EXERCISE GOAL:
A faithful copy is needed of the lines below from the one with "Solitary typical Norwegian" up to and including the one with "London, UK. 18th"; set it down with no pictures and no other lines.
(DATA TO PROCESS begins)
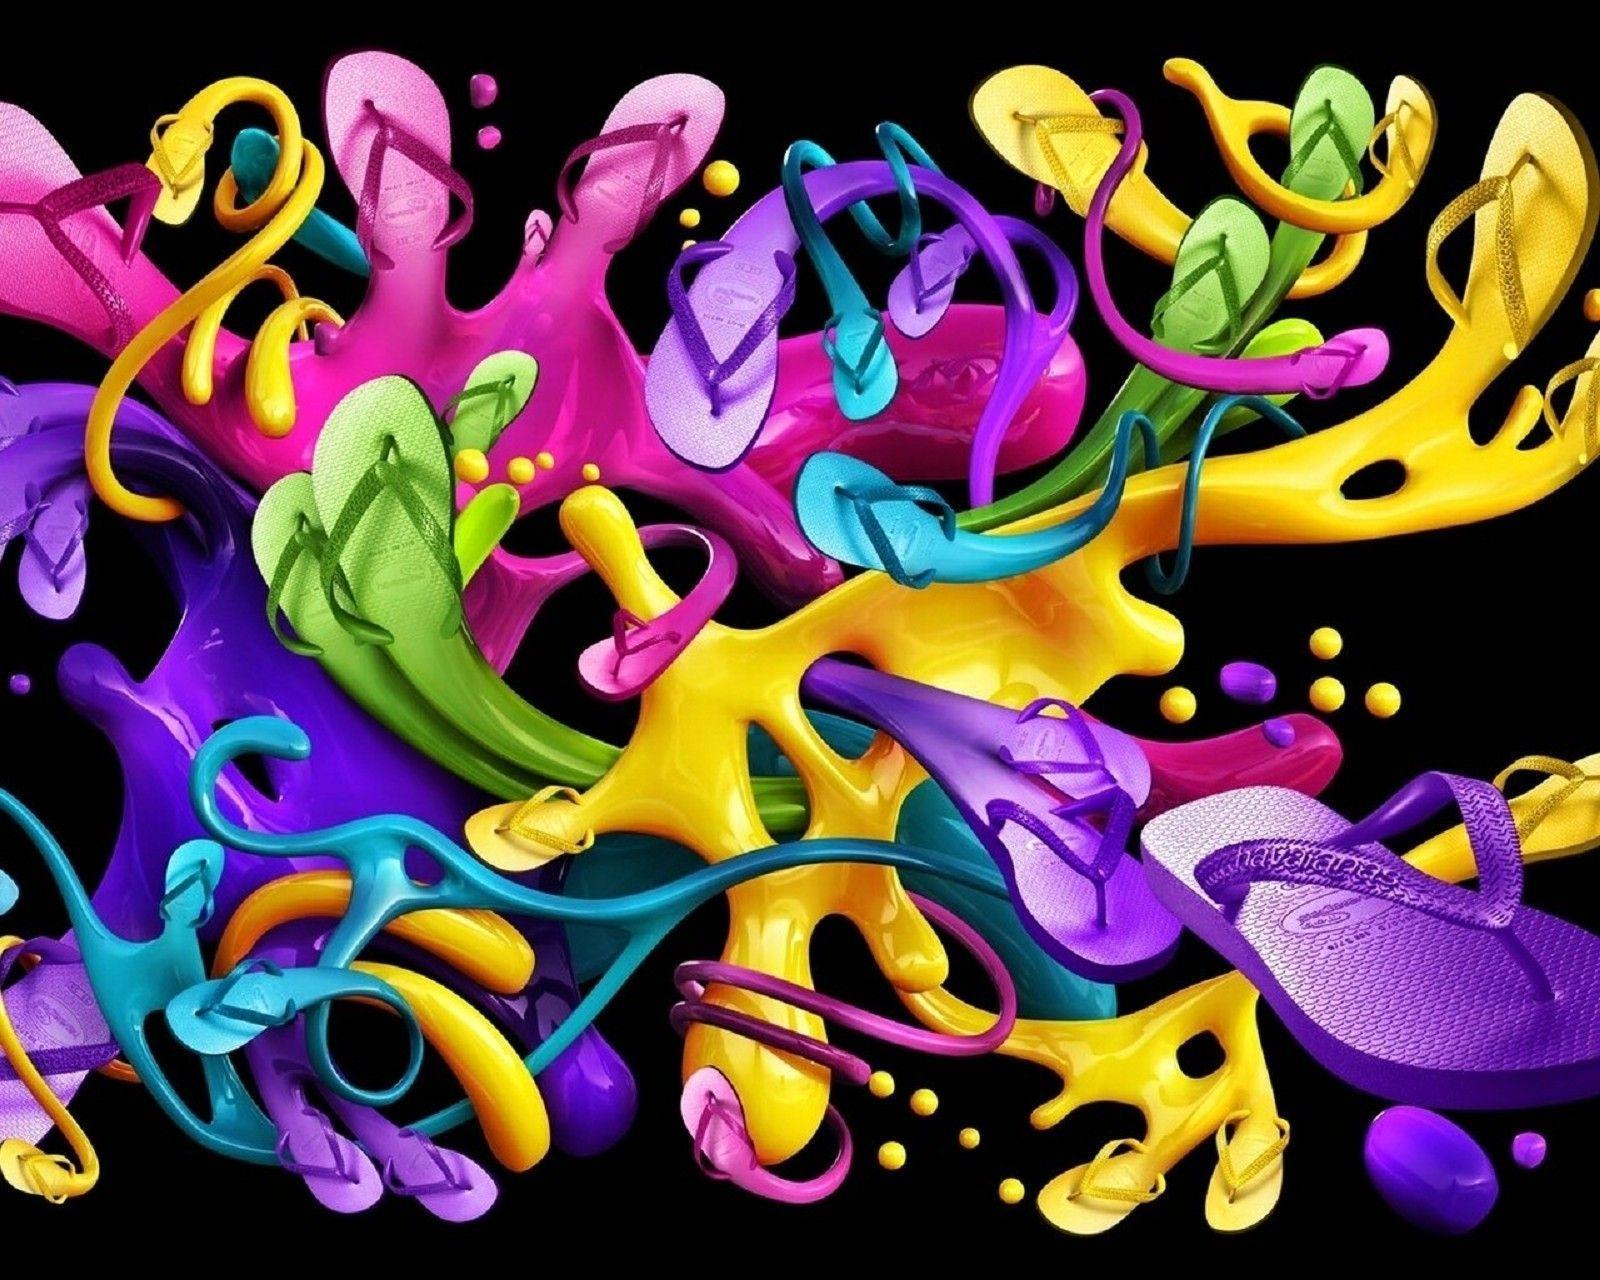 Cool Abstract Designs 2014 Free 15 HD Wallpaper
(DATA TO PROCESS ends)
(DATA TO PROCESS begins)
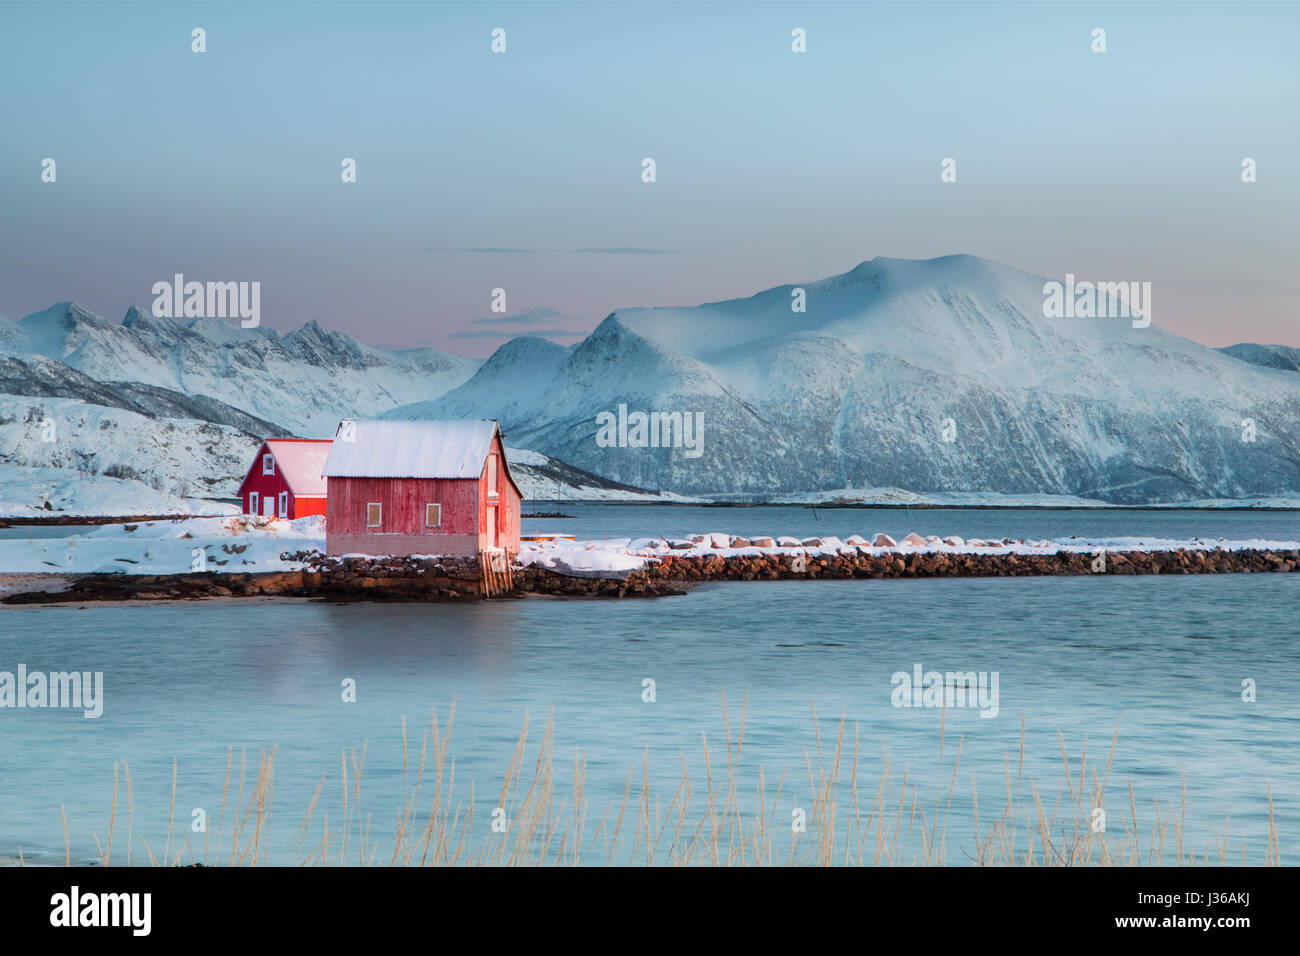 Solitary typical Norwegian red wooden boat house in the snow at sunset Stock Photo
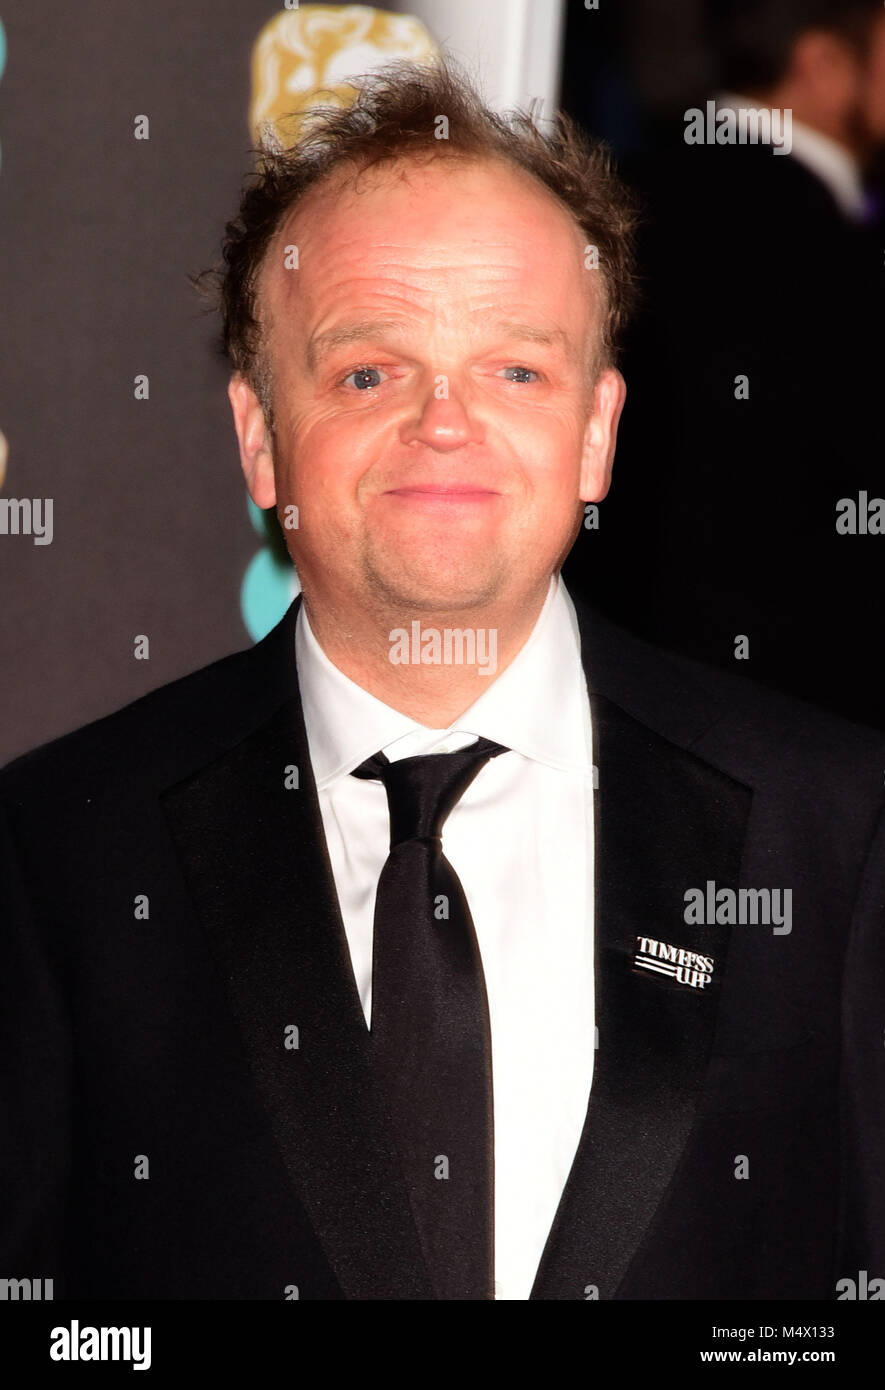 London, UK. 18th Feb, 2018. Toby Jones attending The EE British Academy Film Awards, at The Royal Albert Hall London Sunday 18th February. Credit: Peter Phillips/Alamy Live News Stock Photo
(DATA TO PROCESS ends)
RESULT FOR THIS TASK:
 Solitary typical Norwegian red wooden boat house in the snow at sunset Stock Photo
 London, UK. 18th Feb, 2018. Toby Jones attending The EE British Academy Film Awards, at The Royal Albert Hall London Sunday 18th February. Credit: Peter Phillips/Alamy Live News Stock Photo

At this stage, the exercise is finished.